━━━━━ PROVIDED ENTRIES
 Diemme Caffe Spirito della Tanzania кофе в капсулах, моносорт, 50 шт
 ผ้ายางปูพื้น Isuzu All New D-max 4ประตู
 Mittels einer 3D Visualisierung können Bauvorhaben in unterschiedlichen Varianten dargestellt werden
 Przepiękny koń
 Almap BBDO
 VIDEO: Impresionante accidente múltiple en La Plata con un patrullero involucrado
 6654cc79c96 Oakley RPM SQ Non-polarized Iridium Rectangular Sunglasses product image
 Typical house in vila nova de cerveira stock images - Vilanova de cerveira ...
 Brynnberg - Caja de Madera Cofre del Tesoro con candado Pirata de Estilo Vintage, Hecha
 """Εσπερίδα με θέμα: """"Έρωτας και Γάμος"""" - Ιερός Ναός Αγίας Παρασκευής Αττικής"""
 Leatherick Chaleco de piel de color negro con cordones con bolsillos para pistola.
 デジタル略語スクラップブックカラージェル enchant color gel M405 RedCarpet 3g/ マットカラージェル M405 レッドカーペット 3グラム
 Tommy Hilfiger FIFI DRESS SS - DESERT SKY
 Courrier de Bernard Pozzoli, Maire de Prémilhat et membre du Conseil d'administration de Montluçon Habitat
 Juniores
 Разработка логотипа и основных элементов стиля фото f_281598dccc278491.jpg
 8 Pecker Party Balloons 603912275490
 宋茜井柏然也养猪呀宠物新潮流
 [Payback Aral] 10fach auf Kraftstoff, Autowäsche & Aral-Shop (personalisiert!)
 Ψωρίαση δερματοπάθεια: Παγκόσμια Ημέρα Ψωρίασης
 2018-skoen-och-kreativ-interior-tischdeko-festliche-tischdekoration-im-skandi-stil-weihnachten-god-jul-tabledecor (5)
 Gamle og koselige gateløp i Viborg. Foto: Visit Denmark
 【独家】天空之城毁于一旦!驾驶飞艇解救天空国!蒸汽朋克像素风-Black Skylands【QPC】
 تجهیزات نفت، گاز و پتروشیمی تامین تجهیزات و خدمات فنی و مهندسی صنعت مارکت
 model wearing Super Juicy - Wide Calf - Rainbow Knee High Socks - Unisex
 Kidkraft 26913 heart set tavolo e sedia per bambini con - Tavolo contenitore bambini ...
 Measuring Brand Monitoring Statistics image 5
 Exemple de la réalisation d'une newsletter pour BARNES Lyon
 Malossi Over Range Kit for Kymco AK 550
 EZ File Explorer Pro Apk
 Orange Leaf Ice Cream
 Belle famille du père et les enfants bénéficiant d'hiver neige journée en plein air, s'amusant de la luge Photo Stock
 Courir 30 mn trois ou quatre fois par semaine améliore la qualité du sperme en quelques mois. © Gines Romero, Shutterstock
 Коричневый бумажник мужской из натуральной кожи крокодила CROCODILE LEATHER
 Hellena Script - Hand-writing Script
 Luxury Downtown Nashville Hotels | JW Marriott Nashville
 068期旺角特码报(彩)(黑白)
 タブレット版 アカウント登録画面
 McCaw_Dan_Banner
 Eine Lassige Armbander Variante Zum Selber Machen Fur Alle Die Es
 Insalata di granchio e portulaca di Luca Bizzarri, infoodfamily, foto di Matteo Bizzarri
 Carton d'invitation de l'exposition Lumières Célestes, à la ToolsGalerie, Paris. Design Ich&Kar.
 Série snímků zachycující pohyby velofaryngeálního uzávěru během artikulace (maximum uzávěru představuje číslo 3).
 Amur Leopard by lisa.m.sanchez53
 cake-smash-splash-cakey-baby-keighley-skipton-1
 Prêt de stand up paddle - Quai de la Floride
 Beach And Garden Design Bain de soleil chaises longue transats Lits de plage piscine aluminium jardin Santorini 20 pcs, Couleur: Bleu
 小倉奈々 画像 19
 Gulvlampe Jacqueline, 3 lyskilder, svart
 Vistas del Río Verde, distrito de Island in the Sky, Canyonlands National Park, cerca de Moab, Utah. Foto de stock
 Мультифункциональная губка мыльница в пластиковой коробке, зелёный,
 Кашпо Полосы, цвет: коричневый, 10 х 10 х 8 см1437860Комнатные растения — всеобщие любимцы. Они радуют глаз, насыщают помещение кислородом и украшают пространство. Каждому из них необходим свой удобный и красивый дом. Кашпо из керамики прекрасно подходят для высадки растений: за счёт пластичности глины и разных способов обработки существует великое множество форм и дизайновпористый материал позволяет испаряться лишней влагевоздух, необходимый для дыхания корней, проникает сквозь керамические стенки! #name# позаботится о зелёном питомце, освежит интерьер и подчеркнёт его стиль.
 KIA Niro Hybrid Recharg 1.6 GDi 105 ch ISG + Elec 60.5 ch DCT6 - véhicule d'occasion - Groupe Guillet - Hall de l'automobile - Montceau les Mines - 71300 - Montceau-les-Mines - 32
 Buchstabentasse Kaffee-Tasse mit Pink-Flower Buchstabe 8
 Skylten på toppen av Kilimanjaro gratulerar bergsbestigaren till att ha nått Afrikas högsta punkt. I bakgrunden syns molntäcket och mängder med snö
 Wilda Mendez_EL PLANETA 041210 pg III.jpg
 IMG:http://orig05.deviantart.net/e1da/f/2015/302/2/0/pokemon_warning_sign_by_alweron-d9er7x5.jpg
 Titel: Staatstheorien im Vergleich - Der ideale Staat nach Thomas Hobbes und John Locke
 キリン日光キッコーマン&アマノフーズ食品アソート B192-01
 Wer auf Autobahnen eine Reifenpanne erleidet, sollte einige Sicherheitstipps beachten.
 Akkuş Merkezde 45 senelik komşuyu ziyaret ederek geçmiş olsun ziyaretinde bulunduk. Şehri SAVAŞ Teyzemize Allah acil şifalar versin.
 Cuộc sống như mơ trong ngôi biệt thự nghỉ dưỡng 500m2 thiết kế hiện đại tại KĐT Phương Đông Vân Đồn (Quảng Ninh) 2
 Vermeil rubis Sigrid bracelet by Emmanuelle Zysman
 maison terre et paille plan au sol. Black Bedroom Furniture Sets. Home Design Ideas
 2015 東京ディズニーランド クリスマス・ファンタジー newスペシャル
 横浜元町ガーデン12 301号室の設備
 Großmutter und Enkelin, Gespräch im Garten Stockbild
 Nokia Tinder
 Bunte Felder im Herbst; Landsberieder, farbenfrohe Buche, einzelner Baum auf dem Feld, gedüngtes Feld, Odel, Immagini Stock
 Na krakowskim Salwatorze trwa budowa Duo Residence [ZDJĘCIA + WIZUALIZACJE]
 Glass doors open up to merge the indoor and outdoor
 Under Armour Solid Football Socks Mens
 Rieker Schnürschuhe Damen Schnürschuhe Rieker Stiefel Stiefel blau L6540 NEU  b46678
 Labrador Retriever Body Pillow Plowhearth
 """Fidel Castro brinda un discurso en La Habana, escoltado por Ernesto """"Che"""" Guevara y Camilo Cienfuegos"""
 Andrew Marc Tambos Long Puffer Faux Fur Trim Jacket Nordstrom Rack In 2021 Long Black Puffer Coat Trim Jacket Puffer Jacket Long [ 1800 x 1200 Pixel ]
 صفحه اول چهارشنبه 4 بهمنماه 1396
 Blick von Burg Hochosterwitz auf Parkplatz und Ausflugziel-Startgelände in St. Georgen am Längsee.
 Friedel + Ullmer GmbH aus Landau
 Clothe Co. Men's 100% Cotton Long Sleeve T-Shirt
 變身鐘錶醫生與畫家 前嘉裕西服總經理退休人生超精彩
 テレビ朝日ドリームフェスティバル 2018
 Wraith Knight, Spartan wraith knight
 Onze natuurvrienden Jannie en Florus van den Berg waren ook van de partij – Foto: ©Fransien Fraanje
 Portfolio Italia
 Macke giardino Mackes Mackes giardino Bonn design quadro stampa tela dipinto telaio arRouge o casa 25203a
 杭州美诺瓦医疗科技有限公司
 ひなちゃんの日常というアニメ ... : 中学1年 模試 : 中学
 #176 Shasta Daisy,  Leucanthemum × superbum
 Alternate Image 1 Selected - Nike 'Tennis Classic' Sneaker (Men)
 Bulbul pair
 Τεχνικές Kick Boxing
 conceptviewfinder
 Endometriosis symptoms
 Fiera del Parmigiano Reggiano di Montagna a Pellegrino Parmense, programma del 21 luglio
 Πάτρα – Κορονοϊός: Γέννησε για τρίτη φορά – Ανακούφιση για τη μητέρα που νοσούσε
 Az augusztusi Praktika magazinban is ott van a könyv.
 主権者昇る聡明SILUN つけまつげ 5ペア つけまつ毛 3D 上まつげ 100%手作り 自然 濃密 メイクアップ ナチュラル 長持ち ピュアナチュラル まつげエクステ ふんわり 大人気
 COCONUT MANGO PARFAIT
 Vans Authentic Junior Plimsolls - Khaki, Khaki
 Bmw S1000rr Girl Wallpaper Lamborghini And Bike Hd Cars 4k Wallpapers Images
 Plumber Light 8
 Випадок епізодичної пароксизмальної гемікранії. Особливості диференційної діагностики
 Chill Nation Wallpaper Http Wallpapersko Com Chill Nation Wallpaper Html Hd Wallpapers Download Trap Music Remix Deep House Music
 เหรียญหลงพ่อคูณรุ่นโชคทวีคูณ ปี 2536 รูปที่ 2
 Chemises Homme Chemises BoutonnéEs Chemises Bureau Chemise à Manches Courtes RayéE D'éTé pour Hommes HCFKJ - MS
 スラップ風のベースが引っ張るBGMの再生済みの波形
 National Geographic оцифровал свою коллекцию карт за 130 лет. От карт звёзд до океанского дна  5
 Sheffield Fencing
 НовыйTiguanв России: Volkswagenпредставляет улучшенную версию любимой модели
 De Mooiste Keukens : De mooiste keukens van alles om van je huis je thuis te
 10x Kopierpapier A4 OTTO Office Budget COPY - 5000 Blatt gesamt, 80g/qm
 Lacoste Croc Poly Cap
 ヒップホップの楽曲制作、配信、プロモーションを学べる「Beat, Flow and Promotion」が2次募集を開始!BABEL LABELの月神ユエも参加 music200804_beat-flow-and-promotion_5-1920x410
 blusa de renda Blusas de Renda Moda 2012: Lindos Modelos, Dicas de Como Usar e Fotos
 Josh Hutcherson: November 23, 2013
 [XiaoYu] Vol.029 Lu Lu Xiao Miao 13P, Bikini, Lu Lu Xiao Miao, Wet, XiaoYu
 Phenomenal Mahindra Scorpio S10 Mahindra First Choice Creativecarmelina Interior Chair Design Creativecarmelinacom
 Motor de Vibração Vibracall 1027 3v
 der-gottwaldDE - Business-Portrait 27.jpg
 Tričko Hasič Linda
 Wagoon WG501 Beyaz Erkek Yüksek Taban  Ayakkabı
━━━━━━━━━━
→ TASK TO COMPLETE:
The answer must consist of every line from the entries above that contains "Wallpaper".

→ REPLY:
 Bmw S1000rr Girl Wallpaper Lamborghini And Bike Hd Cars 4k Wallpapers Images
 Chill Nation Wallpaper Http Wallpapersko Com Chill Nation Wallpaper Html Hd Wallpapers Download Trap Music Remix Deep House Music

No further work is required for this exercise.